Брякнувший колокол обрезал тишину. Свежий вечер рубил, кидал на двор причудливые тени колокольни, островерхих луковок церкви. Слышно было, как Географус грызет ветку, сплевывает.
– Так ты говоришь любую можно?
– Любую. Была бы задача. Девки на то и предназначены, чтобы их поколачивать. Подчас слабостью не без намерения дразнят. Кулаки чешутся. Раззадоривают языком бескостным. Напрашиваются: ударь, влепи! Душевных обид они не терпят, а битье для баб - в удовольствие. Когда же твое желанье с ее не совпадает, насилье – первое дело.

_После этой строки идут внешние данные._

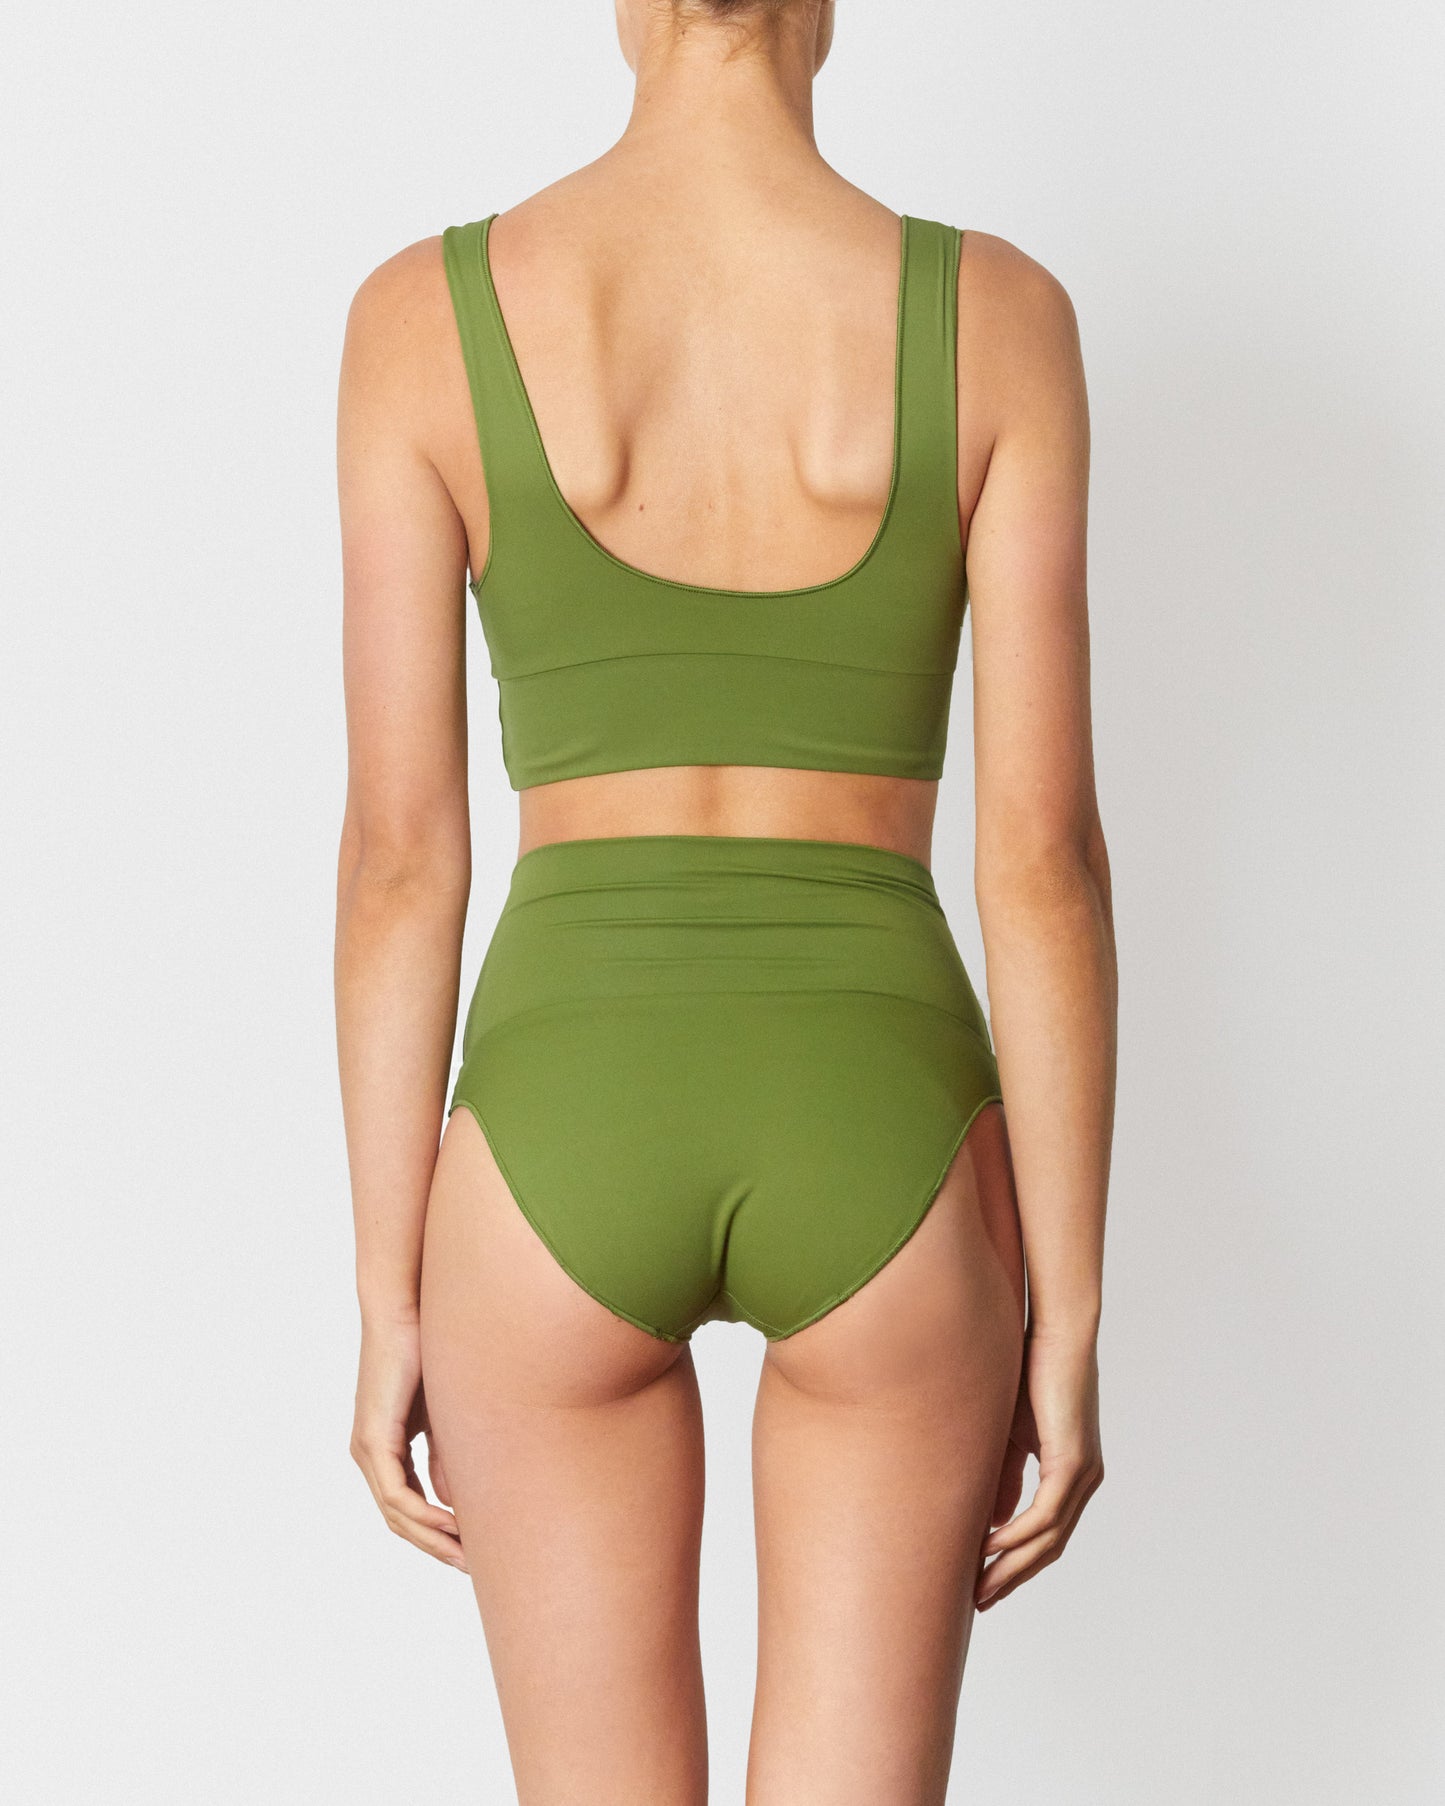 On body back of the Contour High Waist Pant - Pesto

– Бывают девки, ох, какие! Любого мужика пересилит.
– Приемы надо знать.
– Какие же такие приемы?
– За секрет денег дашь?
– Подкину.
– Без ожидания бабу поддых надо треснуть.
– Это куда же?
Зашуршал кафтан. Географус указывал.
– В это самое место?
– Так точно. На себе не показывай.
– Я – на Васе.
– И на мне не надо, - запротестовал Шуйский. – Я что, баба?
– И как надо бить?
– Вдруг, с силою, главное – не предупреждая. Целишь вроде в бабскую рожу, а бьешь поддых.
Якову послышалось, что Шуйский вздохнул с ужасом или отвращением.
– Ну, пойдем! – попросился он.
– Сейчас, - удержал Годунов. – Географ, а коли поддых промажешь?
– Бей другой раз. Ты пойми, тут как в иноземной игрушке на пружинке. Бьешь бабу поддых – она ноги раскидывает.
– Бьешь – раскидывает, - повторил Годунов.
– Могилу-то пойдем смотреть? – протянул Шуйский. Его особенность была: он всегда подгонял и вечно опаздывал. Легко утомлялся.
– Ты разведал? – спросил Годунов.
– Чего разведывать?! Могила на виду.
– Прогуляемся, поглядим, - предложил Годунов Шуйскому и Географусу, будто те могли воспротивиться. Никакими устными или письменными обязательствами с ним не связанные, они ходили за Годуновым, как нитка за иглой. Так поставил.
Якову оставалось гадать, о чем была речь, и о какой говорилось могиле. Личный вопрос для него был важней, и он быстро отогнал инородные мысли. Он совсем не желал, чтобы Ефросинья вышла замуж за Матвея по-настоящему, поэтому искал не попа, а самого, что есть никудышного монашка, которому и верить-то нельзя. Он представлял его себе кривобоким, косым и маленьким, едва составлявшим половину нормального человеческого роста. Тогда и действие, произведенное им, будет столь же незначительным. Яков хотел обманываться и обманывался.